The first is that no immigrant to the US from anywhere in the world — but mostly, to date, from countries in Central or South America — is safe from arbitrary detention and deportation, and, in particular, the threat of being deported, not to their home countries, but to a notorious prison in El Salvador, where prisoners are held indefinitely without charge or trial, dehumanized, half-starved and subjected to relentless violence. The CECOT prison, established under El Salvador’s dictatorial president, Nayib Bukele, is nothing less than a futuristic, turbo-charged version of the Bush administration’s “war on terror” prison at Guantánamo Bay.

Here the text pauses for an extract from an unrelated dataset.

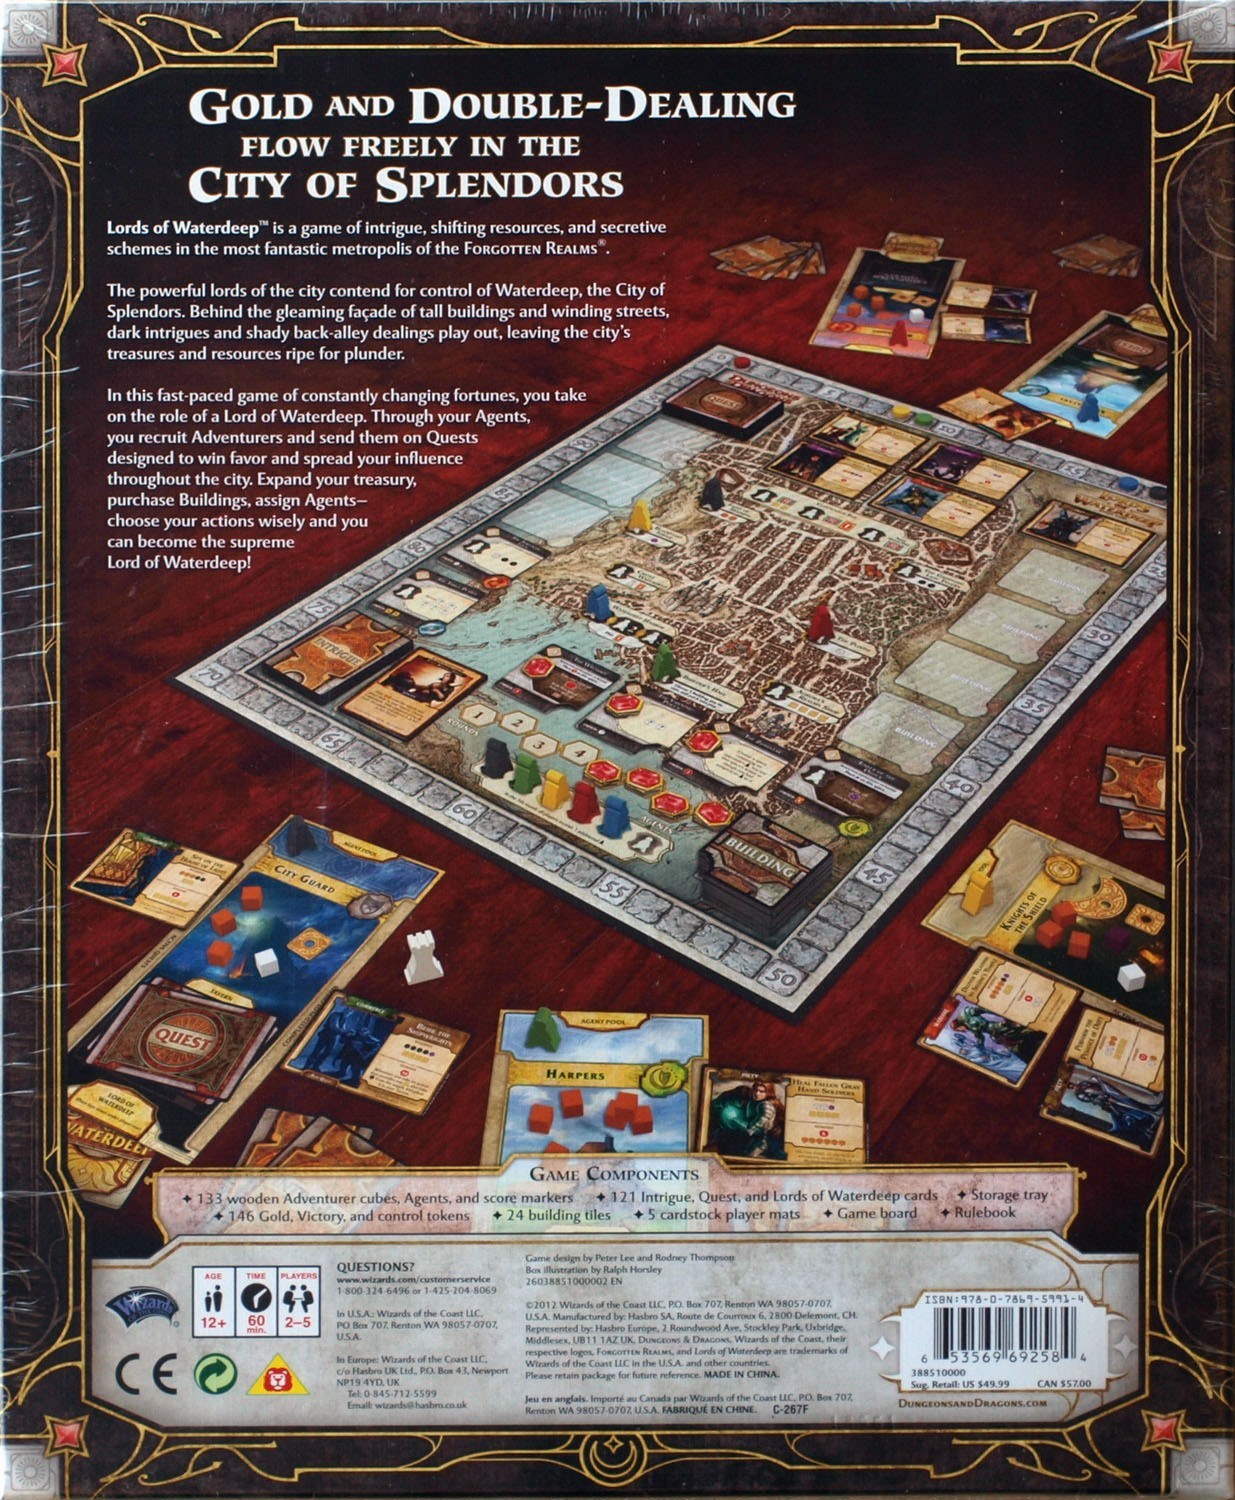 Lords of Waterdeep (Dungeons & Dragons)

The second cause for deep alarm is the Trump administration’s absolute contempt for any legal challenges to what it aggressively claims is its right to detain and deport anyone it feels like detaining and deporting. Primarily, to date, Venezuelans, these men are routinely described as dangerous “high-threat aliens”, gang members and terrorists at war with the US, although the administration has failed to back up its hysterical claims with anything resembling evidence.

Disturbingly, the administration insists that all of its claimed deliberations about who to detain and deport are shielded from any kind of scrutiny or review because of national security concerns, claims that are nothing less than the thinnest of covers for what is actually the the unacceptable and unconstitutional exercise of unfettered executive power.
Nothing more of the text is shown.